James W. McFarland, Ph.D. joined our Board of Directors in November 2006. Dr. McFarland is the J. F. Jr. and Jessie Lee Seinsheimer Chair in Business and is a Professor of Finance and Economics in the A. B. Freeman School of Business at Tulane University. Dr. McFarland has continuously served as a member of Tulane’s faculty, since joining the university in 1988. He also serves as the Executive Director of the Entergy-Tulane Energy Institute. Previously, Dr. McFarland was the Dean of the Freeman School from July 1, 1988, through June 30, 2005. Prior to joining the faculty at Tulane, he was the Dean of the College of Business Administration at the University of Houston. Dr. McFarland also has served on the faculties of Texas A&M University, the University of Louisiana-Lafayette, the University of Rhode Island, and the University of New Mexico. In addition to his academic appointments, he has worked as a researcher for the University of California Los Alamos National Laboratory and the Presidential Commission on the Nation’s Water Resources. Dr. McFarland has served as a director and consultant to public companies and non-profit organizations, including Stewart Enterprises, Inc., Sizeler Property Investors, Inc., Petroleum Helicopters, Inc., and American Indemnity Financial Corporation, Inc.
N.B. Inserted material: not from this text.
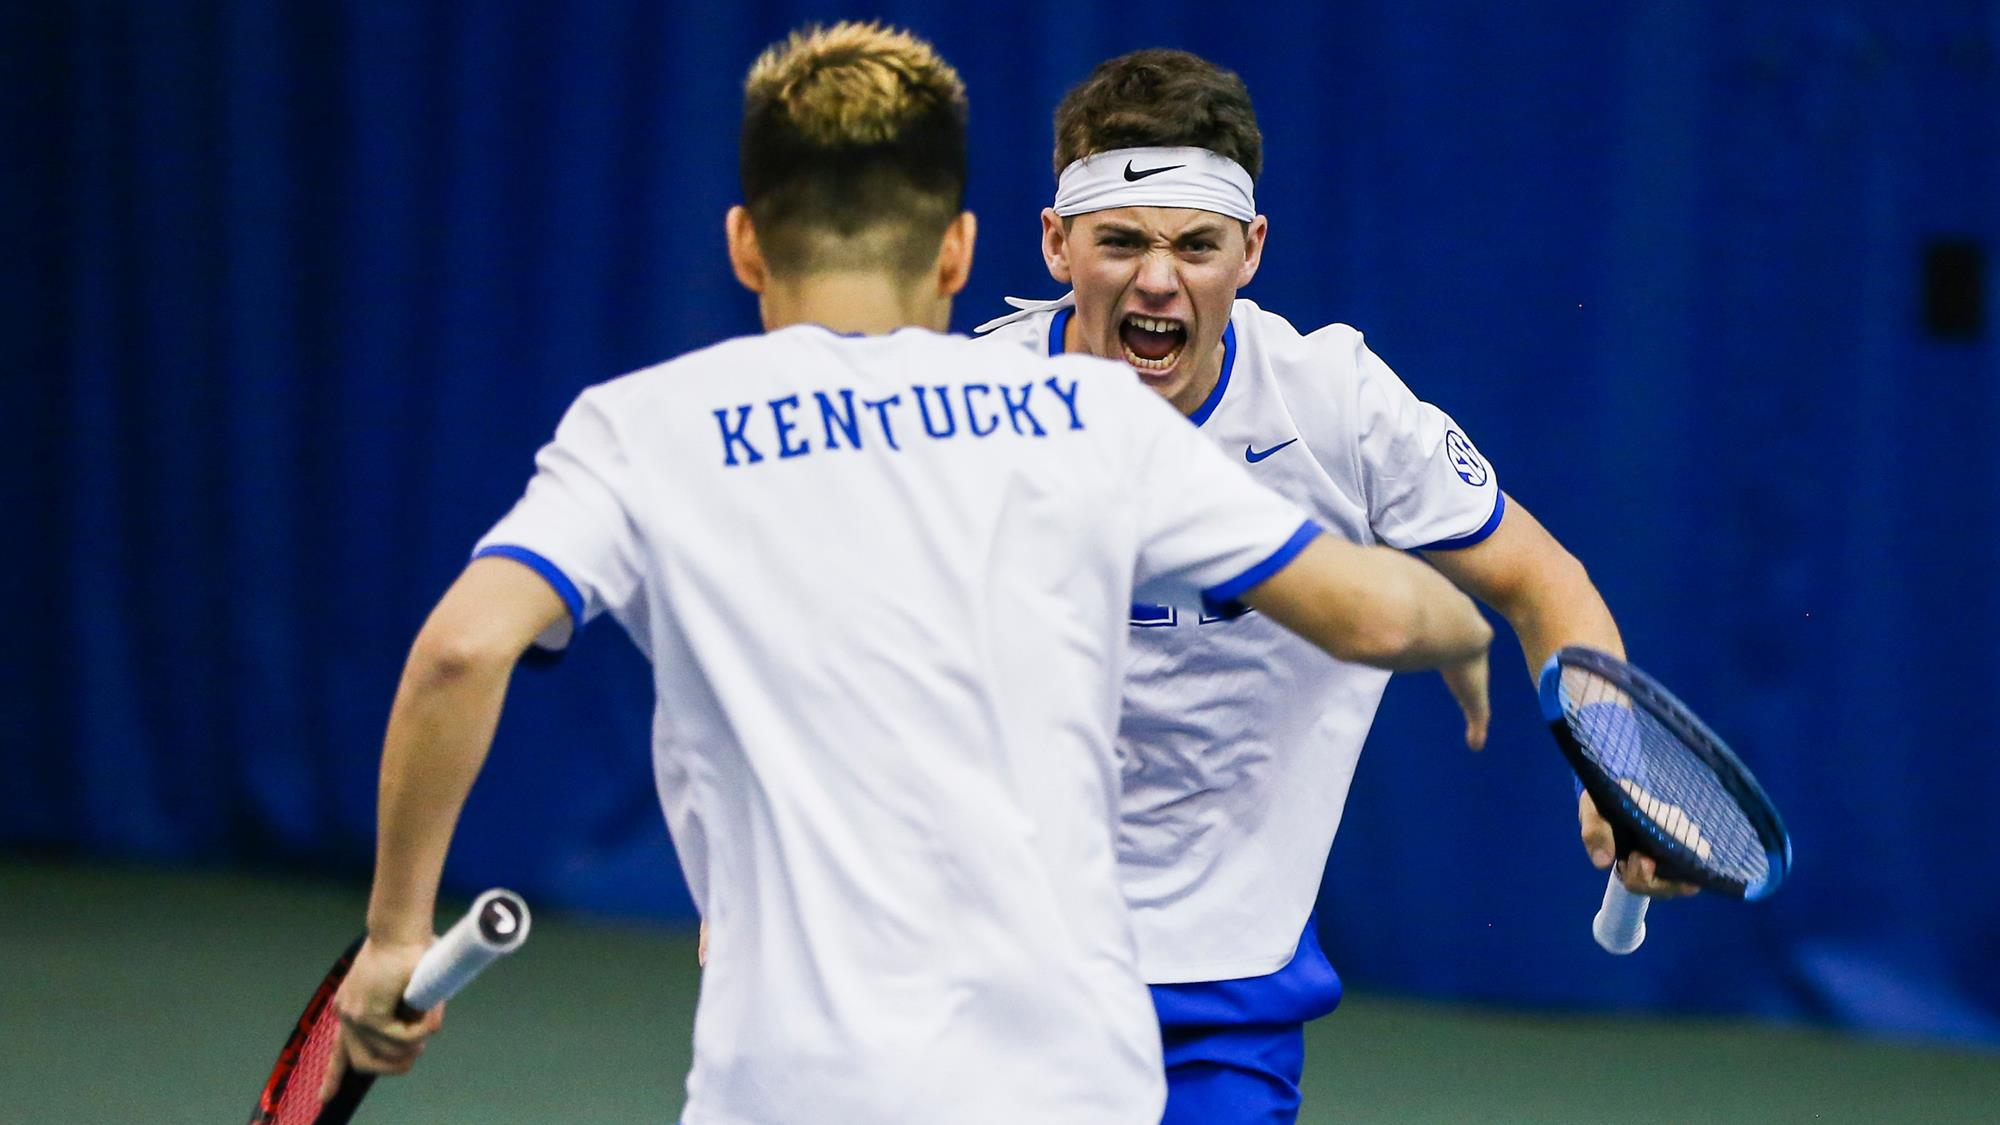 Kentucky Beats Memphis, Kennesaw State in Home Doubleheader

Dr. McFarland also serves on the Compensation Committee of Stewart Enterprises, Inc.

A-1


 

Executive Officers:
Mark J. Airola joined us in October 2006 as our Vice President, General Counsel and Chief Administrative Officer and was appointed as our Secretary in December 2006. Mr. Airola has practiced law for 22 years, primarily with large, publicly traded companies. Most recently, from 1995 through September 2006, Mr. Airola was employed by BJ Services Company, a leading provider of pressure pumping and other oilfield services to the petroleum industry, serving initially as Assistant General Counsel and subsequently, in 2003, also being named as Chief Compliance Officer (and as an executive officer). From 1988 to 1995, Mr. Airola held the position of Senior Litigation Counsel at Cooper Industries, Inc., a global manufacturer of electrical products and tools, with initial responsibility for managing environmental regulatory matters and litigation and subsequently managing the company’s commercial litigation.
Gregg S. Piontek joined us in April 2007 to serve as our Vice President, Controller and Chief Accounting Officer. Before joining us, Mr. Piontek served in various financial roles for Stewart & Stevenson Services, Inc. and Stewart & Stevenson, LLC from 2001 through March 2007, including Divisional Controller, Assistant Corporate Controller, and most recently as Vice President and Chief Accounting Officer. Prior to that, Mr. Piontek served in various financial roles at General Electric, CNH Global N.V. and Deloitte & Touche LLP.